When Teresa Hodge entered prison to serve a seventy-month sentence for a white collar conviction, she was determined not to let it ruin the successful life she had worked so hard to build. She immediately began to focus on what her life would be when she returned to the outside – and she was not alone. Her daughter, Laurin Hodge, who had recently graduated from Johns Hopkins University, became her close collaborator and together they developed a business plan for a new and unique not-for-profit organization. “We decided that the way we would maintain our relationship and stay relevant in one another’s lives while I was away was to build an organization together,” Teresa explains. “When an individual goes to prison, their families go to prison too. Laurin and I wanted to make the experience count.”

Today, Laurin is the Executive Director and Teresa is the Director of Innovation & Strategy of Project Launch, Inc., a Washington, D.C.-based organization focused on making the reentry process safer and more efficient through technology. “By holding a series of talking sessions with service providers in the D.C. area, we learned that they were underutilizing new technologies that had the capacity to make re-entry much less stressful and time-consuming for returning citizens. So we organized the tech community to build a tool that providers can use in an open source manner. We’re currently beta-testing the new software and hope to make it available soon.” The software, called “Clean Slate D.C.,” will be able to answer returning citizens’ questions about record expungement in a matter of minutes. And it is just a beginning.

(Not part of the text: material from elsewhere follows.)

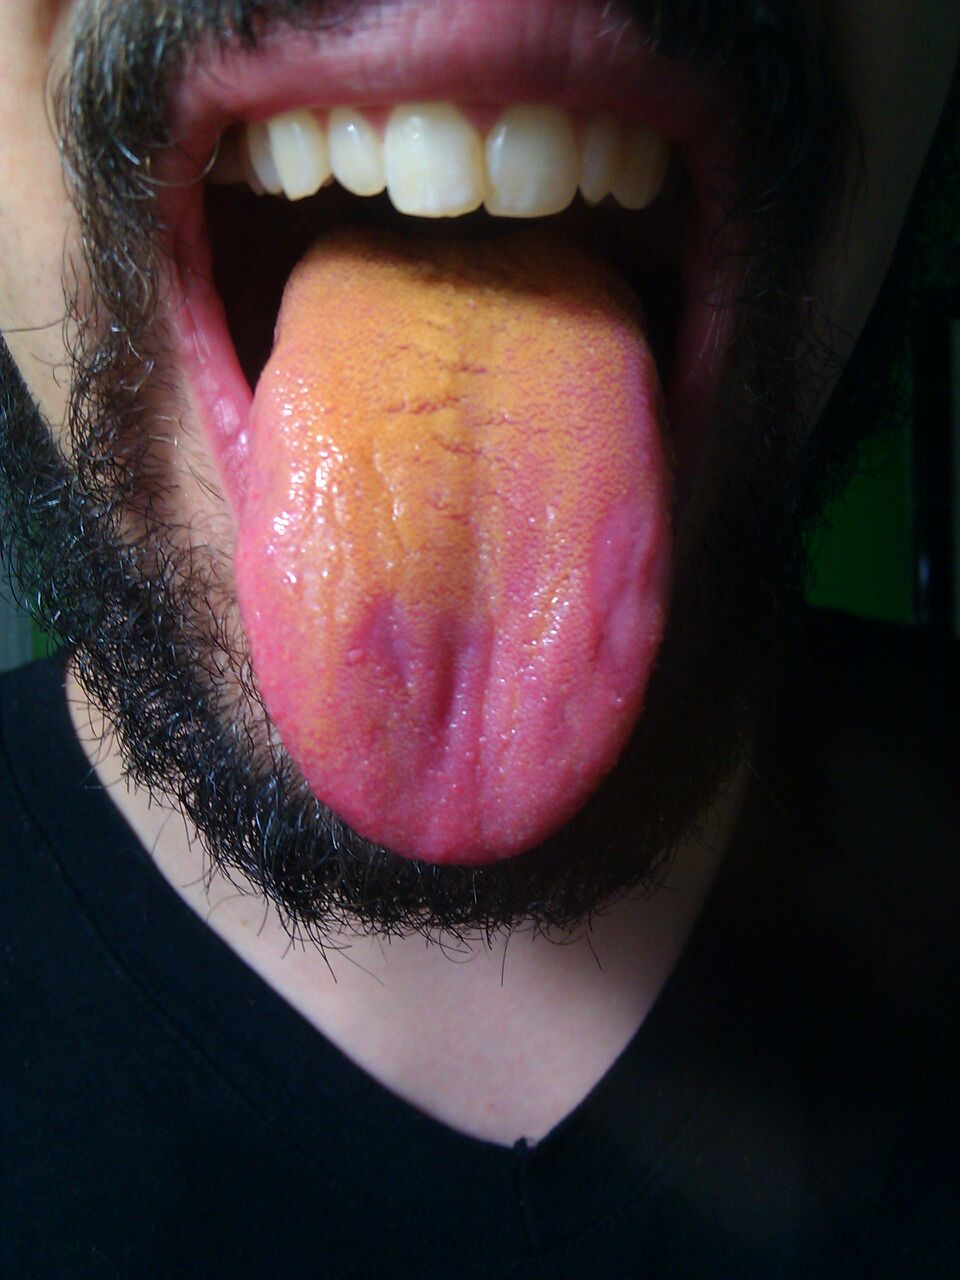 Acid reflux cause orange tongue

Teresa says that JustLeadershipUSA’s Leading with Conviction training has been invaluable. “Everyone who knows me can see the difference since the trainings. I was passionate and committed before, but I didn’t have a team of people around me to encourage me and give me that extra edge.” She likens the experience to going to a gas station: “I had the car, but I needed the gas. It’s very exciting to be around other people doing this work, people who are willing to stand up and boldly tell their stories. For me it has been empowering and uplifting to find a family who I can talk to and who understand as only those who have been through the prison experience can.”